Coinbase’s quantum advisory board says about 7 million Bitcoin sit in addresses that a future quantum computer could crack. The report, published on June 11, 2026, points the finger at active funds, including cold wallets run by known exchanges, instead of only long-lost Satoshi-era coins. The board urges Bitcoin developers to start migration work now, well before any machine exists that can break the network’s cryptography.

What the Report Found

Specifically, the report says that the Independent Advisory Board on Quantum Computing and Blockchain splits the exposed coins into two groups. About 1.7 million BTC sit across around 20,000 legacy pay-to-public-key addresses, where the public key is the address and stays fully visible on-chain. According to the board, many of those coins likely belong to Bitcoin’s pseudonymous creator or to people who lost their keys years ago.

Meanwhile, the second group is larger and harder to dismiss. Citing the quantum-security firm Project Eleven, the report puts around 5 million Bitcoin at risk because their public keys have already shown up on the blockchain through address reuse. Most of those coins belong to active users, the board says, with large amounts parked in exchange cold wallets. The report doesn’t name specific exchanges.

Every time an address gets reused after a spend, its public key becomes visible. That’s the weak point. Bitcoin’s mining and hash functions stay safe against quantum attacks, according to the board, so the problem lives at the wallet signature level.

The Governance Fight Nobody Wants

The board lays out two opposing answers and refuses to pick one. The first would set a deadline after which quantum-vulnerable signatures, such as ECDSA and Schnorr, stop being accepted, freezing any coins that didn’t migrate. Supporters argue that broken cryptography voids the proof of ownership, and that freezing would stop a sanctioned actor like North Korea from grabbing a large stash.

The second position would add post-quantum addresses and leave the risk with each holder. Backers say burning coins amounts to confiscation, which clashes with Bitcoin’s property-rights ethos and could invite future pressure to seize funds for other reasons.

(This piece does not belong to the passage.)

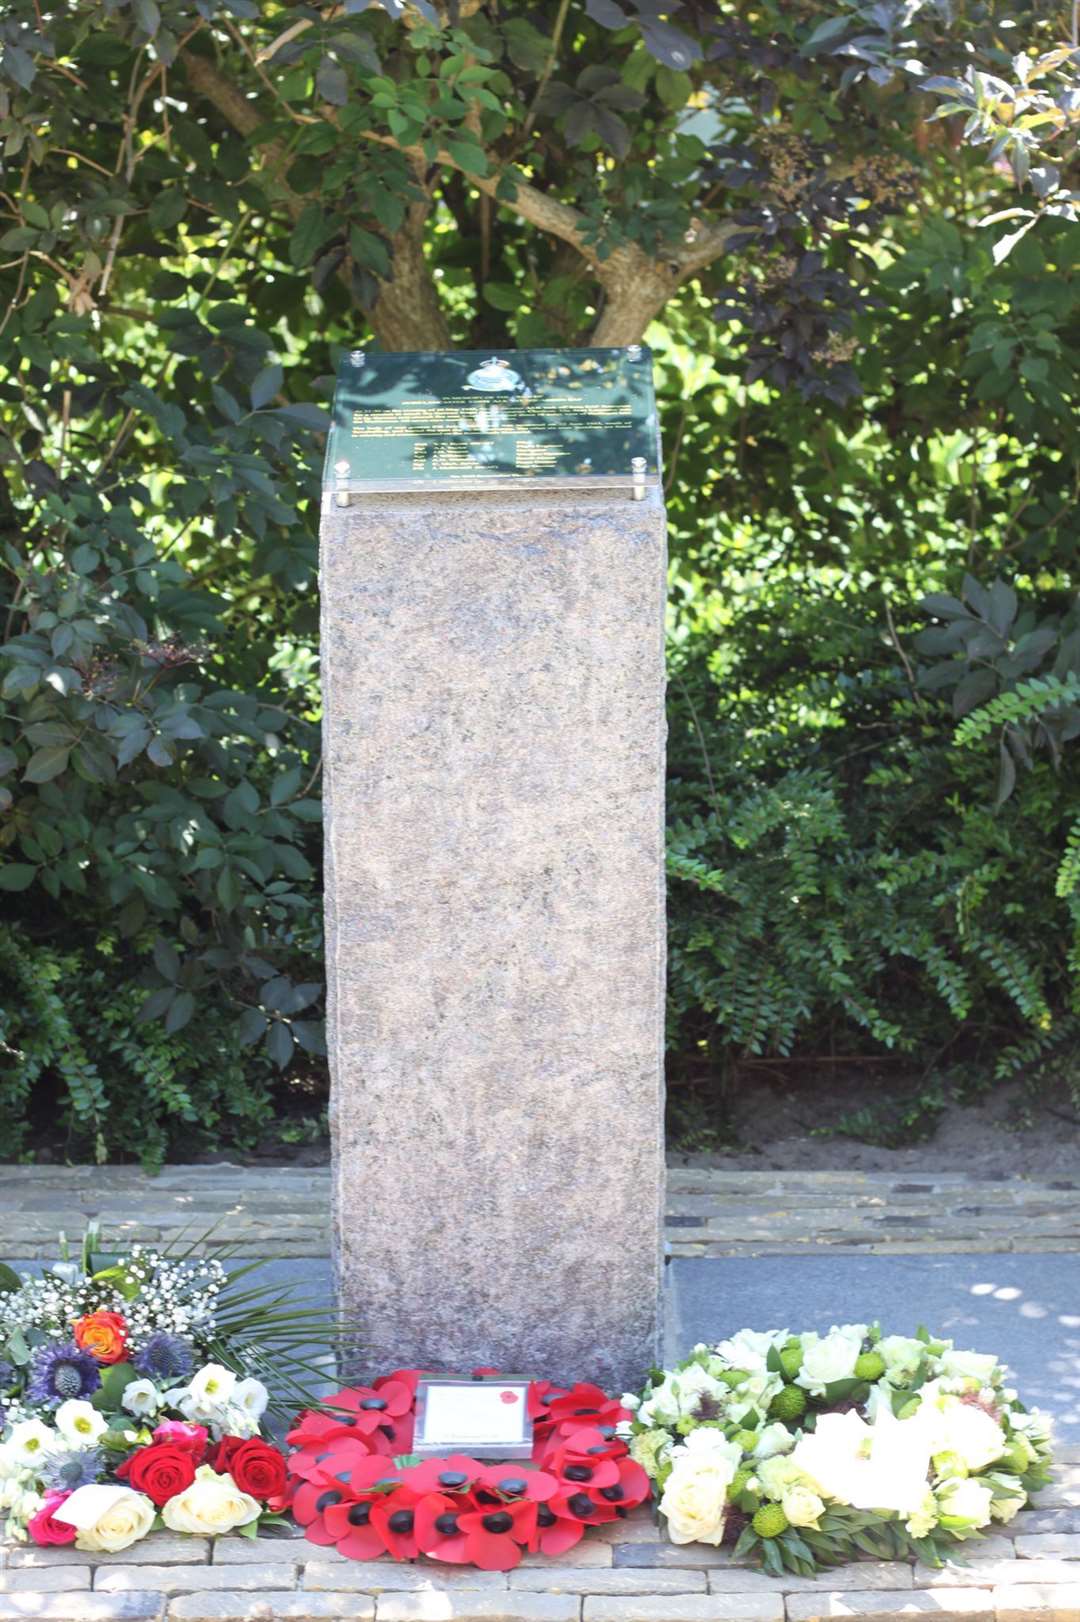 The memorial was instigated by the 617 Squadron Netherlands Aircrew Memorial Squadron.

In between sit several compatible ideas. An “Hourglass” design would cap how many legacy coins move per block to avoid a supply shock. The draft BIP-361 proposal would bar legacy signatures after a set time and let users prove ownership with a zero-knowledge proof. Provable Address-Control Timestamps (PACTs), proposed by Paradigm researcher Dan Robinson, would let holders commit now to a future quantum-safe transfer.

The board’s members include Stanford’s Dan Boneh, UT Austin’s Scott Aaronson, Ethereum Foundation researcher Justin Drake, and Coinbase cryptography lead Yehuda Lindell. No quantum computer can break blockchain cryptography today, they stress. Their point is that both the migration and the debate will take years, so waiting until such a machine exists would be too late.